Ma il tecnico non può concedere alibi. Ieri lo ha spiegato ancora una volta. Avrebbe molto da dire, soprattutto sul mercato di gennaio venuto meno. Adesso però è inutile. Perché qualora lo facesse, sarebbe il prologo del crollo. Per questo motivo Spalletti si gioca la carta di far gruppo, di compattarsi verso l’esterno, assumendosi tutte le responsabilità del momento difficile. Una mossa volta a scaricare la pressione della piazza e dei media sulla sua persona, lasciando più liberi i calciatori. Anche perché probabilmente si è reso conto che nelle dichiarazioni a caldo post-Lione, alcune sue parole sembravano quasi volte a prendere le distanze dalla squadra. Ieri la retromarcia repentina, rimarcando non a caso, come lo spogliatoio lo segua e sia ancora con lui.
PEROTTI OUT – Non certificare pubblicamente la stanchezza non vuol dire non porvi rimedio. E così, come già accaduto nel ritorno contro il Villarreal che precedeva di tre giorni la trasferta a San Siro, anche stavolta Spalletti ha in mente un ampio turnover. Non otto elementi come contro gli spagnoli, ma questa sera i volti nuovi rispetto a giovedì potrebbero essere almeno cinque. Il problema muscolare registrato in extremis da Perotti (risentimento al flessore destro) non aiuta. Perché potrebbe costringere il tecnico a rivedere i suoi piani di partenza (turno di riposo a Dzeko e Totti partente dalla panchina), soprattutto se volesse tornare al 4-2-3-1, modulo che si sposerebbe bene con lo schieramento del Palermo che gioca con una sola punta (Nestorovski). Una chance dietro dovrebbe averla Mario Rui visto che Emerson si porta dietro da un paio di gare un’infiammazione al tendine rotuleo.
E a sperare c’è anche Grenier, che sinora si è visto appena un minuto più recupero contro la Fiorentina.
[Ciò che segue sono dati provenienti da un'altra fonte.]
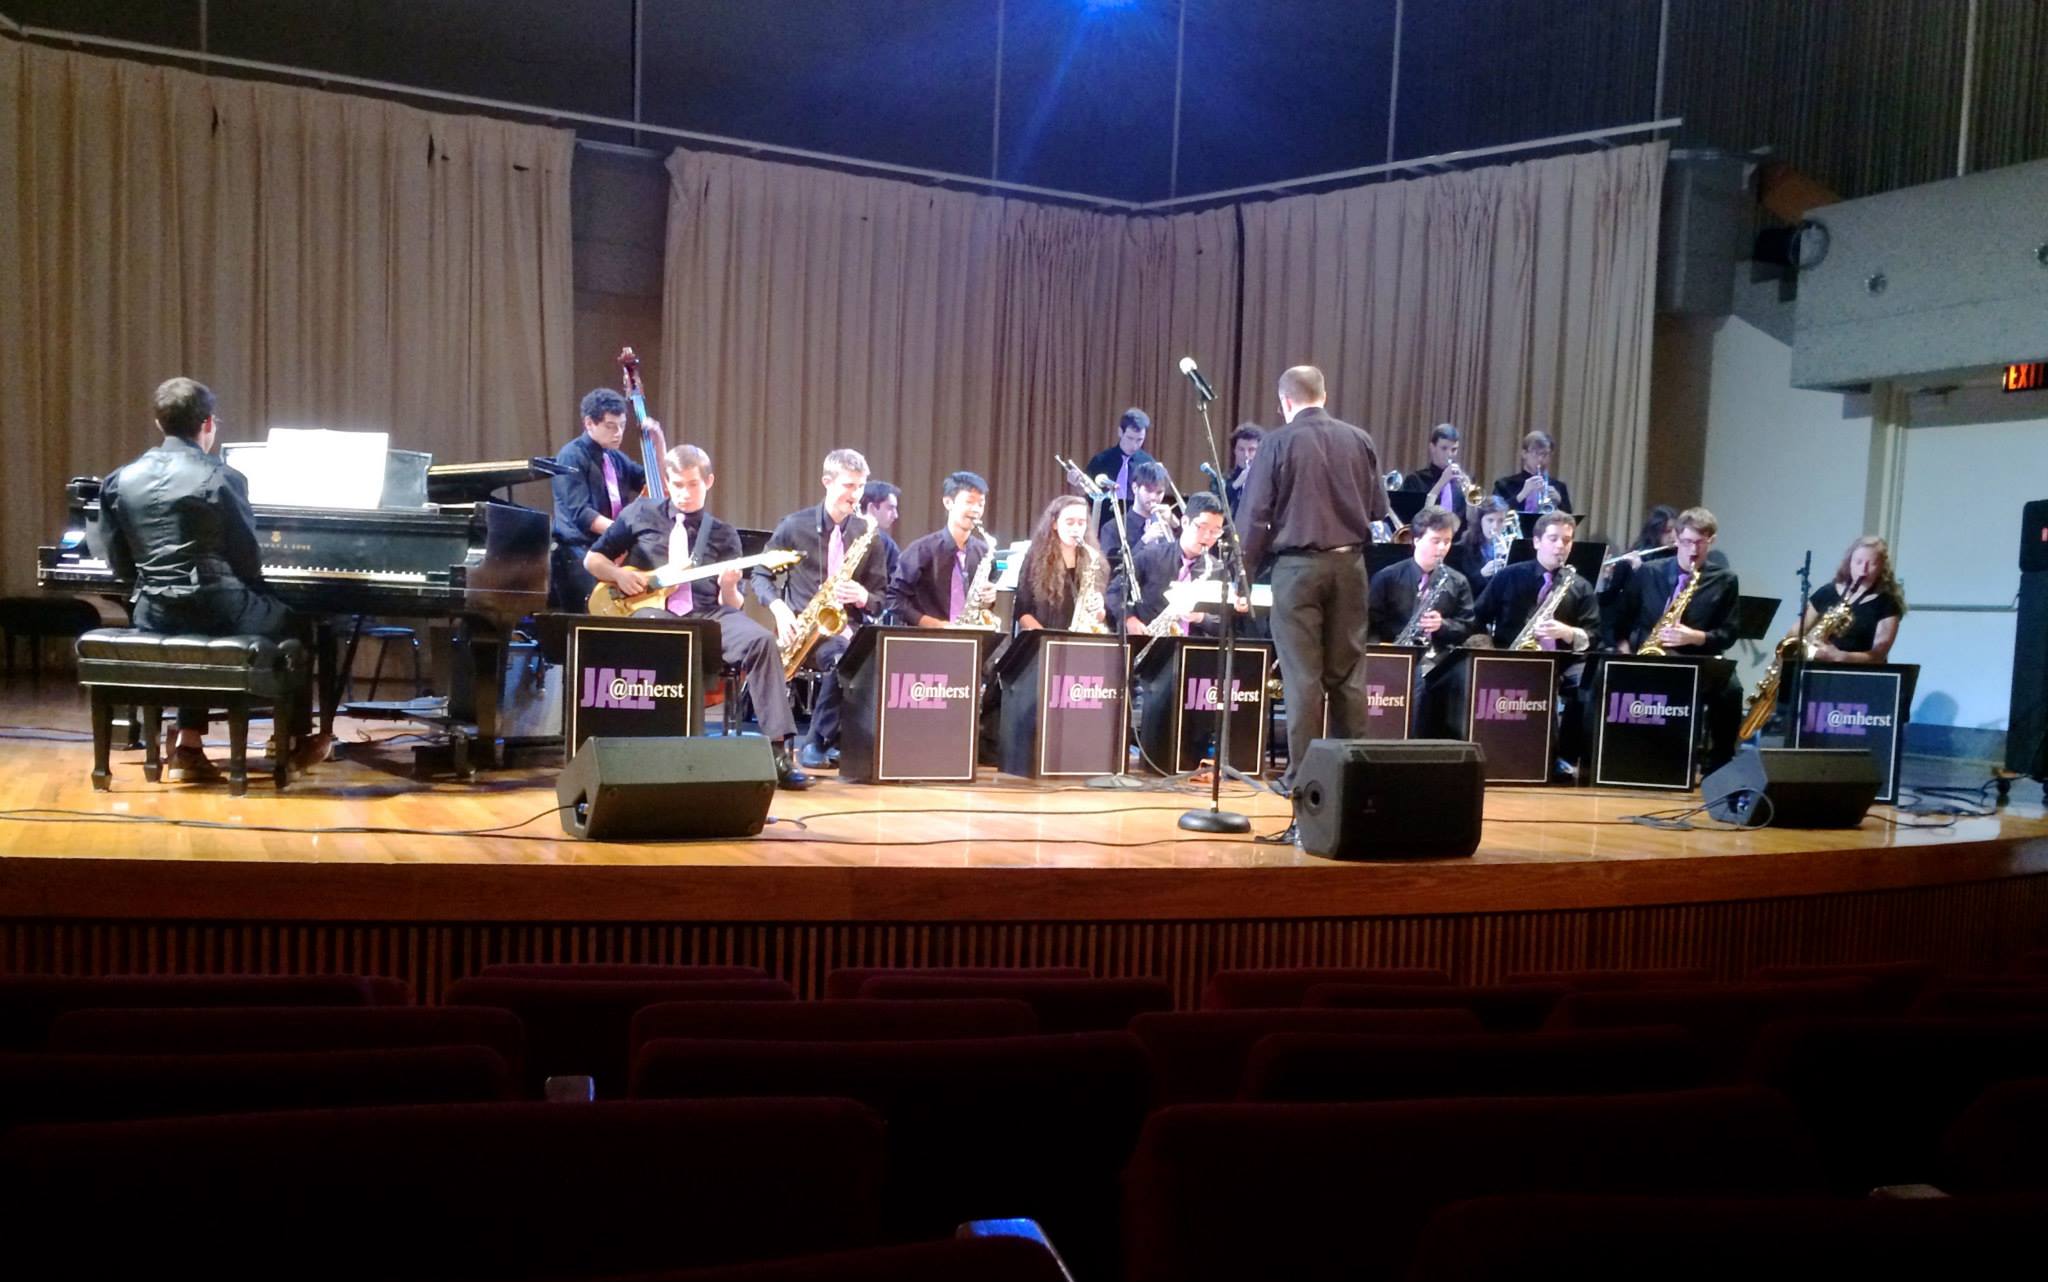 Lucas Lebovitz ’15, along with the Amherst College Jazz Ensemble 
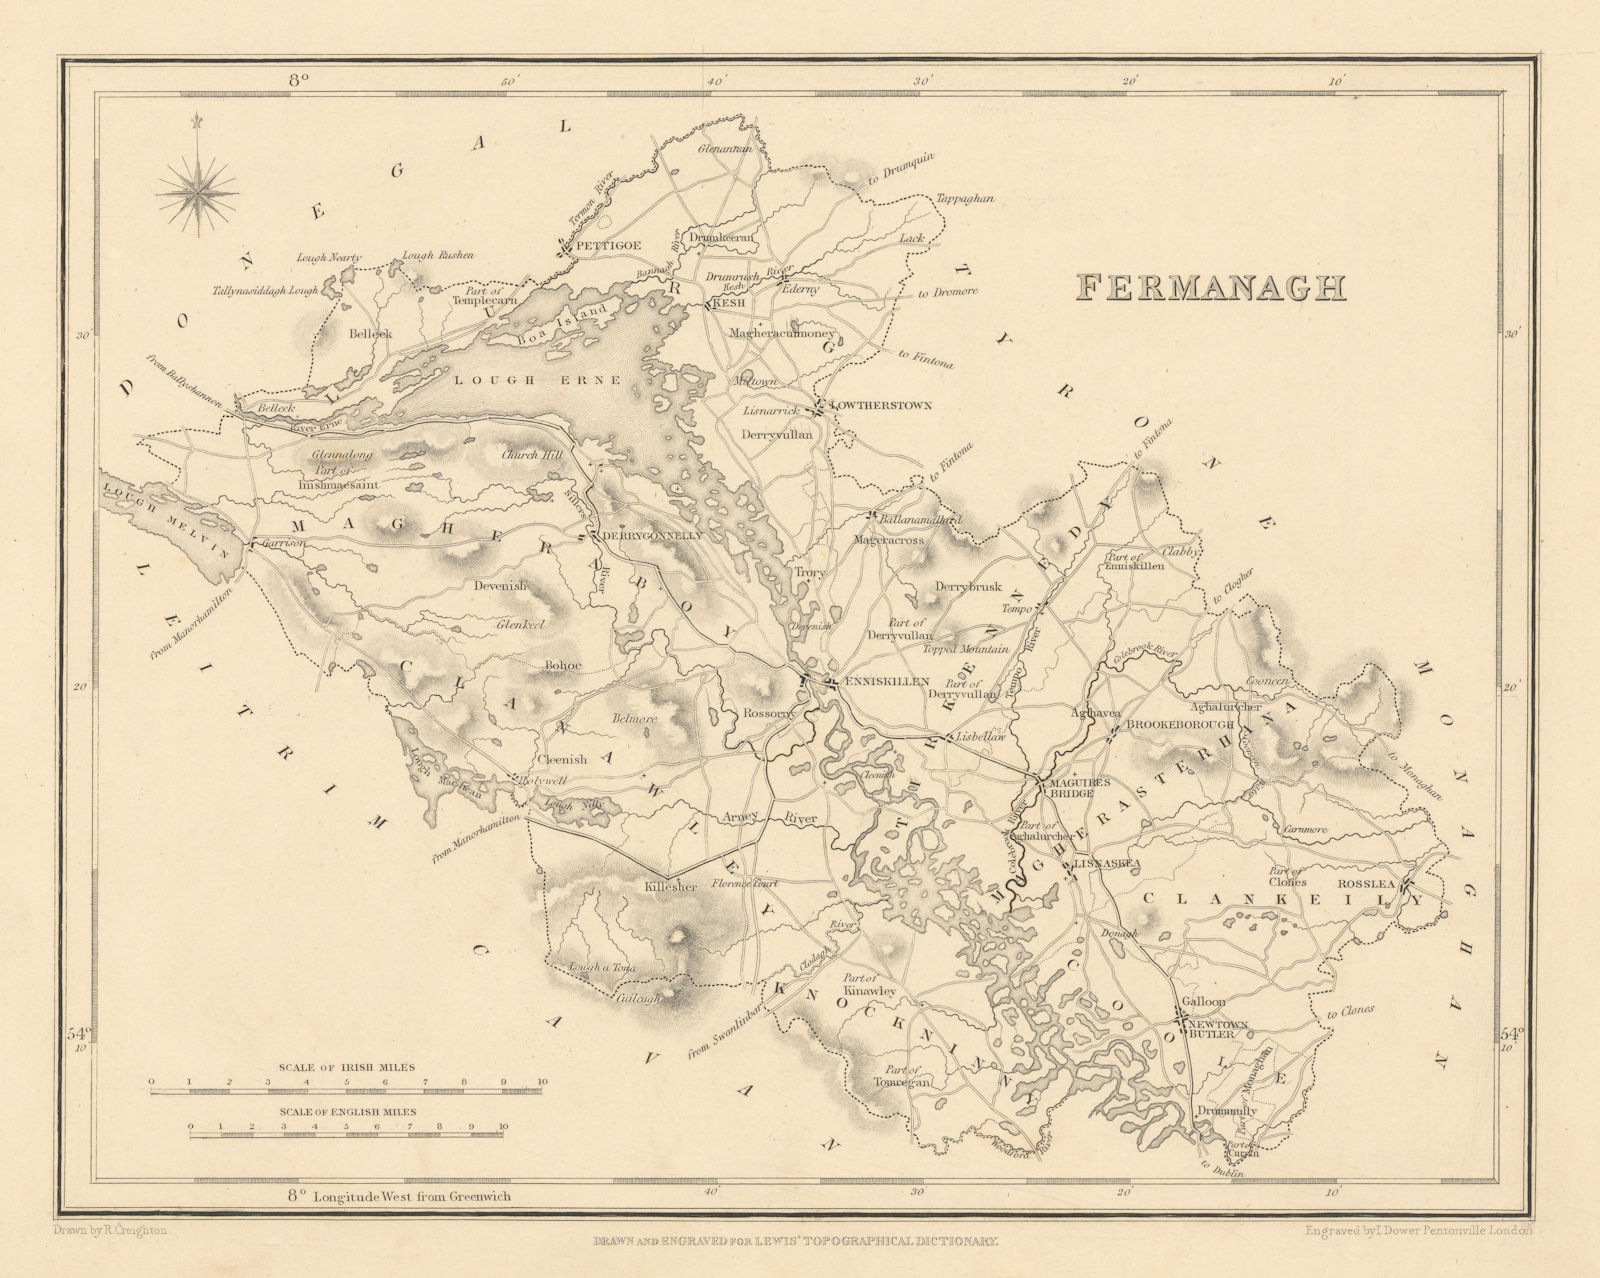 COUNTY FERMANAGH antique map for LEWIS by CREIGHTON & DOWER - Ulster 1837

Quali saranno le scelte, i cambi sono necessari. Ieri il tecnico toscano ha spiegato come secondo le statistiche europee dell’ultimo decennio, quando si gioca a distanza di due giorni, le vittorie calano del 40% rispetto alle situazioni normali. Probabilmente, come ammesso in modo sincero da Lucio, il fatto di aver vinto 10 partite su 14 (circa il 70%) lo avevano convinto di poter andare avanti con una rosa ristretta e con un turnover limitato. Ma l’Astra Giurgiu non è il Lione. E il Cesena in coppa Italia non è la Lazio. Ora quindi anche il Palermo, destinato alla retrocessione, merita più attenzione. Dopo tre ko consecutivi è tempo di rimettersi in moto. La stagione, nonostante il -11 dalla Juve, può essere ancora molto lunga. Soprattutto nelle coppe.